• What needs to be done: The following data needs to be repeated exactly, with all images excluded.

• Data provided:
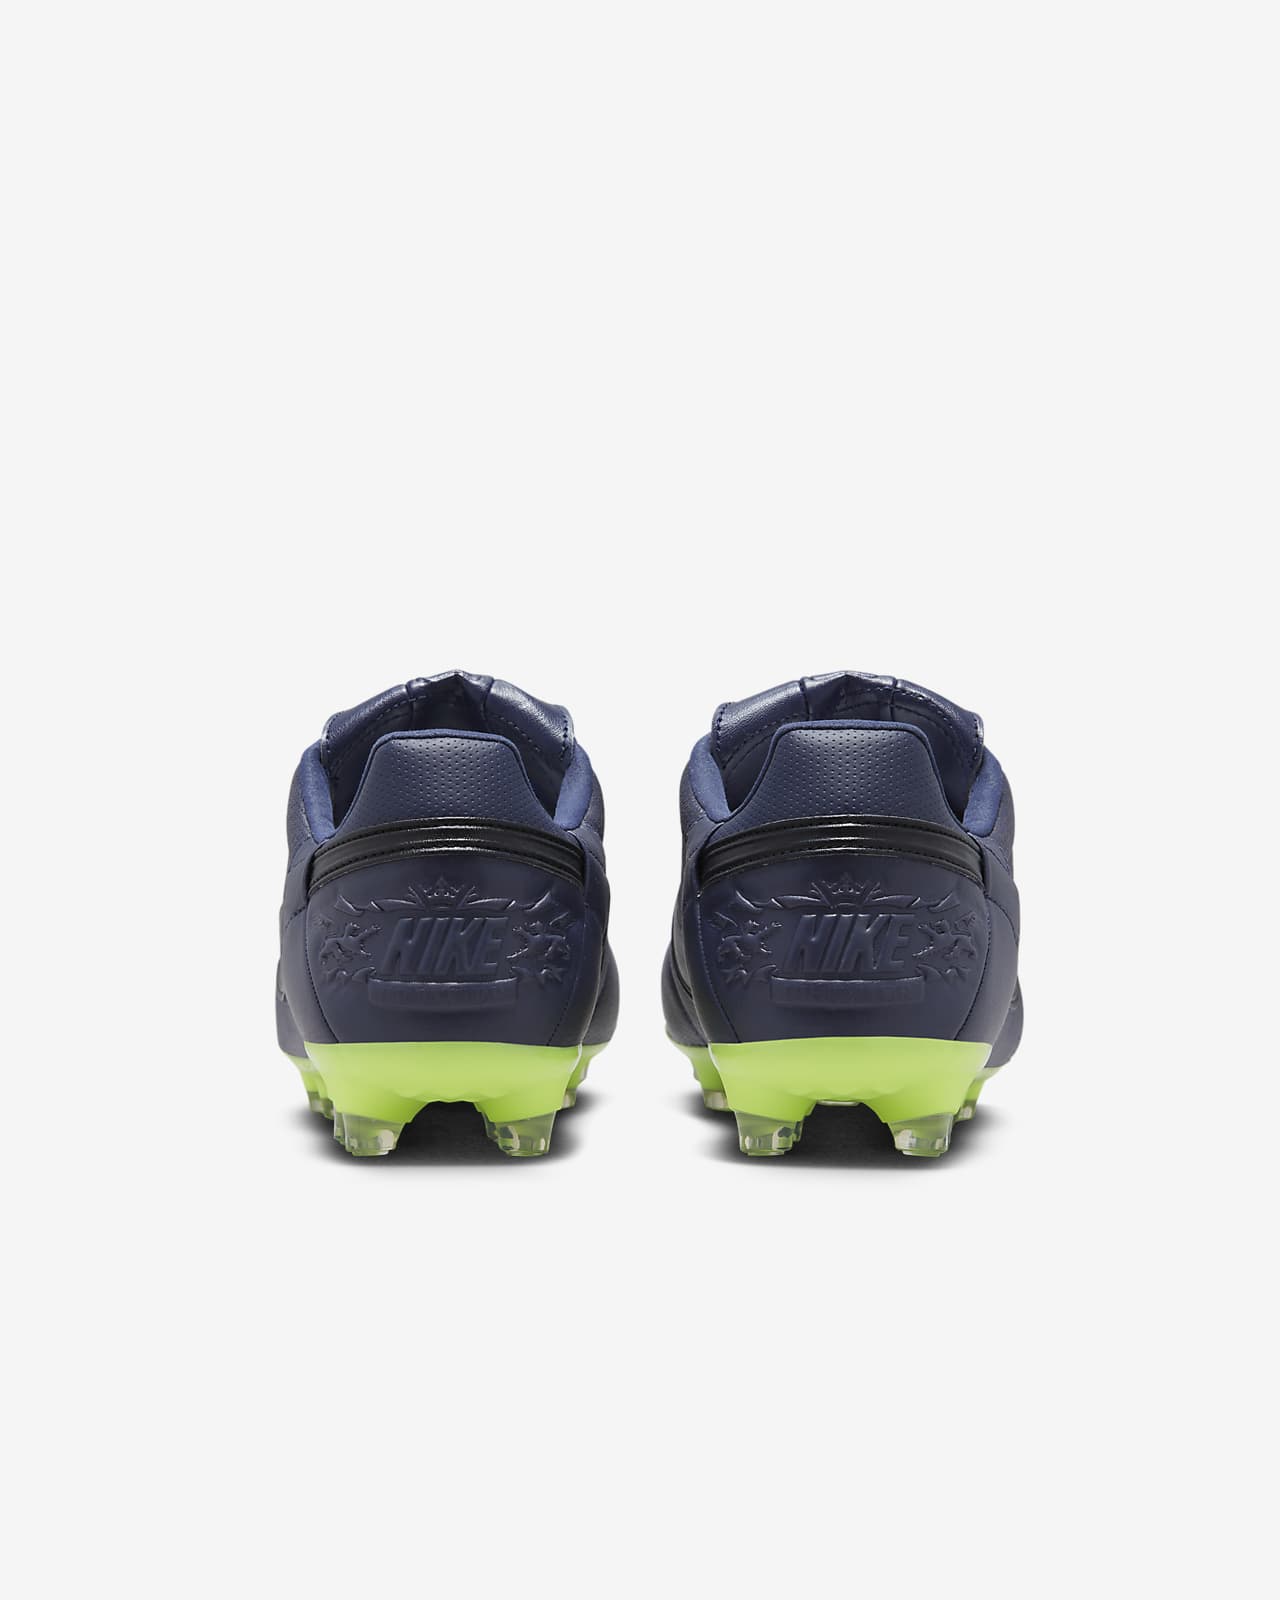 Oxidar crear Perseguir NikePremier 3 Firm-Ground Football Boot. Nike FI
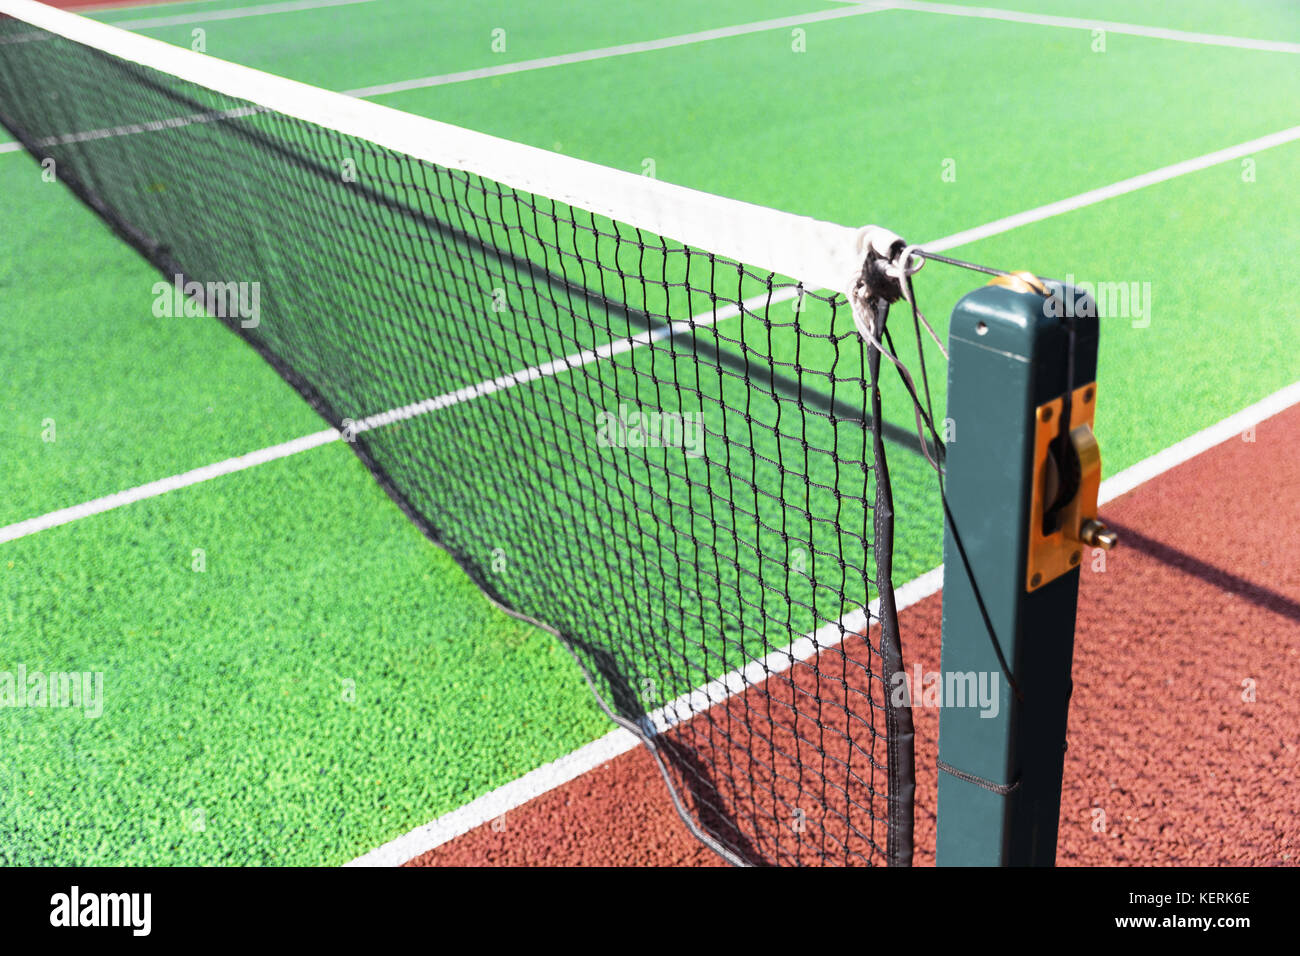 Hard court tennis net Stock Photo
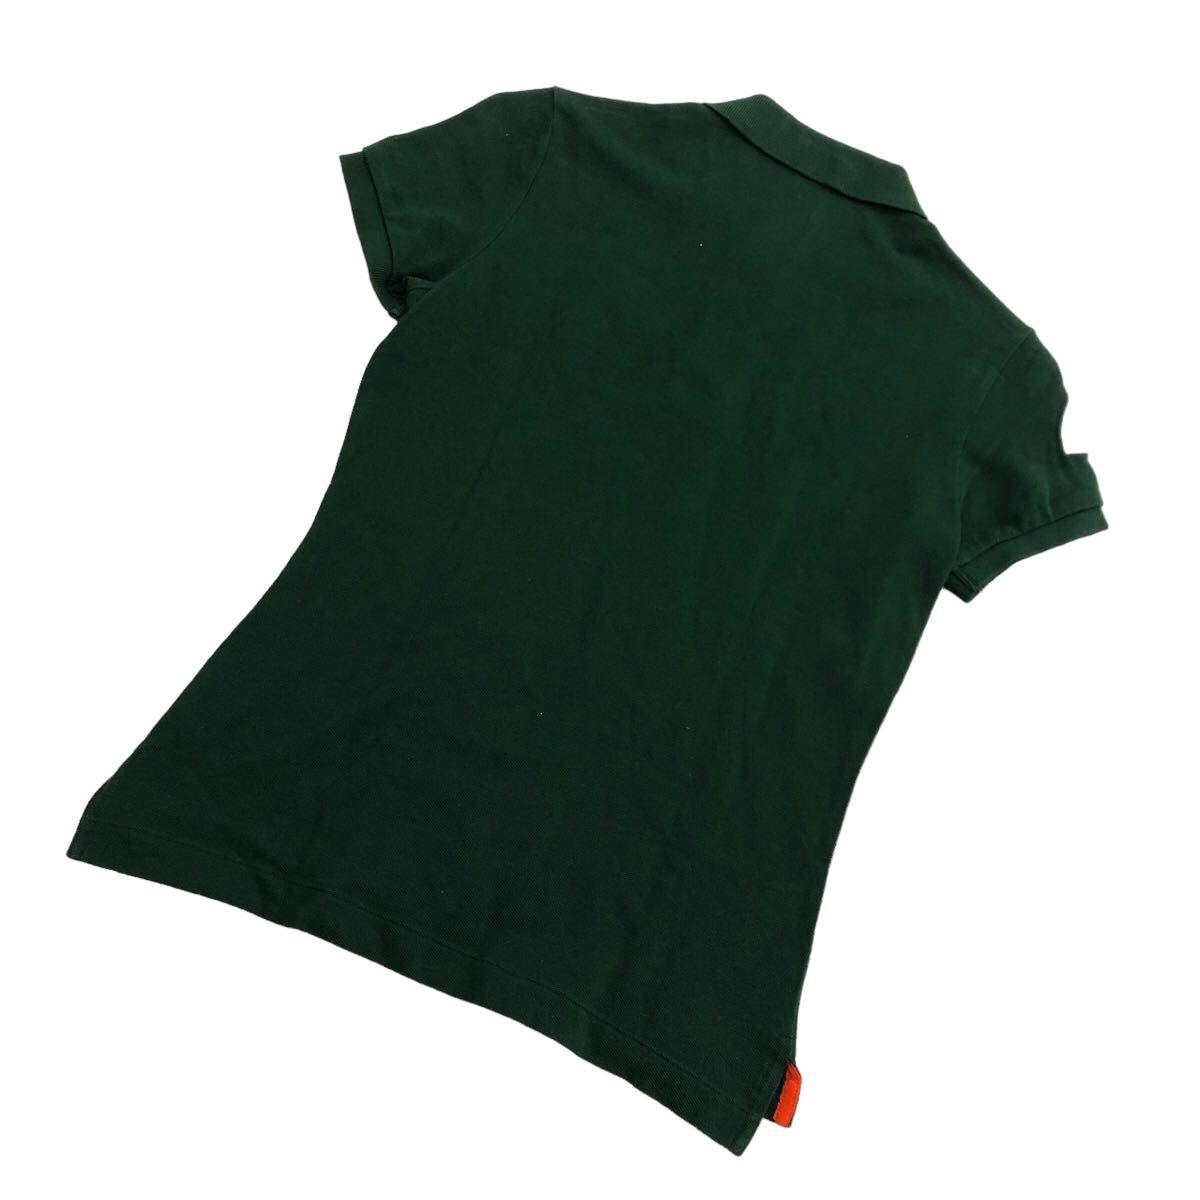 NS122 RALPH LAUREN Ralph Lauren skinny polo рубашка-поло футболка короткий рукав футболка tops хлопок 100% женский M зеленый

• Answer space:
 Oxidar crear Perseguir NikePremier 3 Firm-Ground Football Boot. Nike FI
 Hard court tennis net Stock Photo
 NS122 RALPH LAUREN Ralph Lauren skinny polo рубашка-поло футболка короткий рукав футболка tops хлопок 100% женский M зеленый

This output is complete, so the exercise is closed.